People today want to personalise their lifestyles. Freedom of choice is the key motto here. How is this reflected in mobility?
It is becoming more multi-modal and varied. This means we have the choice of more and more different offers from more and more providers in our everyday life. The development of your company, Mobility, is a good example of this. While people always had to bring the cars back to the starting point in the past, your users nowadays have the choice of free-floating services. I find headway like this positive because more people really need to be enthusiastic about sharing.
But isn’t Switzerland already the best sharing country?
In Switzerland, three percent of people with driving licences for passenger cars use car-sharing. Although it may be at the top on an international level, I think it is too little for a country with as good a public transport network and as many sharing services as Switzerland. There is definitely much more we can do, and it is all the more necessary as every contribution to the energy transformation counts.
In line with the Paris Agreement, the government wants to have achieved climate transformation by 2050. Realistic or just a paper tiger?
A key figure in the energy strategy states that a maximum of one tonne of CO2 per capita is to be emitted each year. If you consider that only one outward flight from Zurich to Bangkok exceeds this value by half, you can see just how ambitious the goals are.
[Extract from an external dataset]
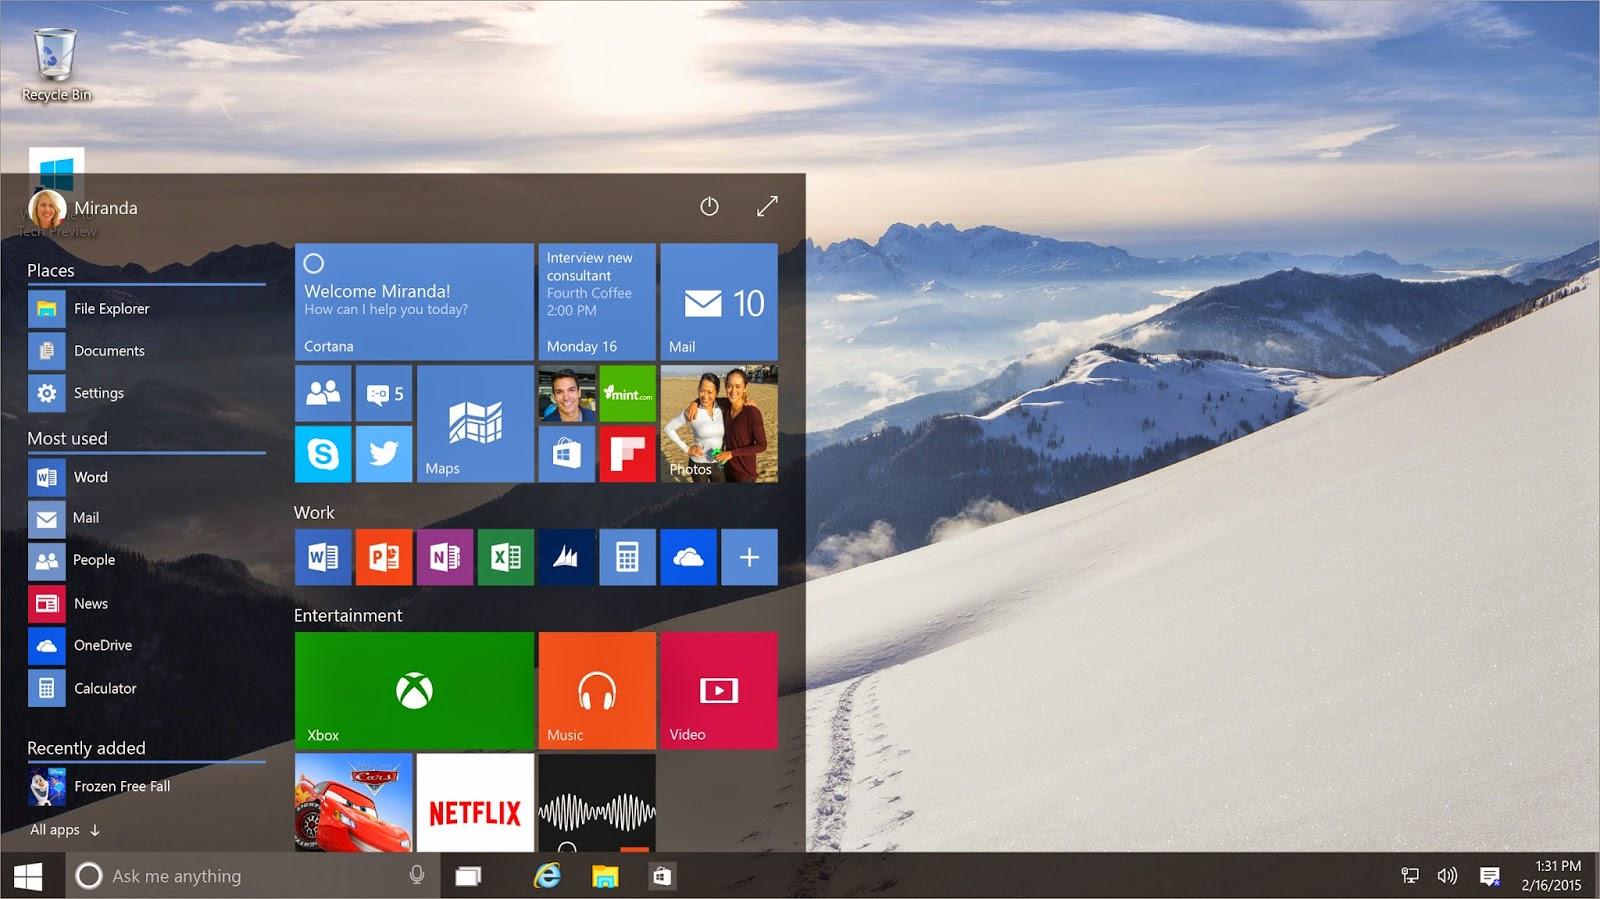 Asik, Windows 10 Bisa Dimiliki Secara Gratis

Please don’t get me wrong – this is the right and necessary way to go, and the governments are already doing a number of things to make progress. But that still isn’t enough: more conditions and regulations are needed in all manner of different areas, including mobility.
Which ultimately brings us back to freedom of choice: so you don’t think that people change their consumer behaviour for the sake of the environment?
Fortunately, environmental awareness is becoming more and more rooted in people’s minds, not least because social and political discussions on this topic are in full swing. I think that nowadays we are all aware of whether our personal decisions have a generally positive or negative impact on the environment. Nevertheless, many people are not changing their behaviour, they are not turning their words into deeds. I am therefore convinced that the shift should also be pushed forward through new framework conditions.
Such as taxes on flights?
That’s one example, yes. If I can fly to London and back for CHF 50, something is not right with the true-cost pricing. It would be important for as many countries as possible to pull together. Otherwise, people will just use more and more airports in neighbouring countries. In general, it's true to say that mobility is too cheap, including driving and travelling by public transport. However, simply influencing prices is too short-sighted.
What else could be done?
Society and the government can still do a lot for future mobility. I see a lot of potential in creating urban living areas that encompass work, shopping, restaurants and leisure activities, such as the Himmelrich construction project in Lucerne. This creates a lifestyle of “short distances”. The individualisation of our world of work also has an impact here: home office, co-working and other forms of working reduce commuter traffic.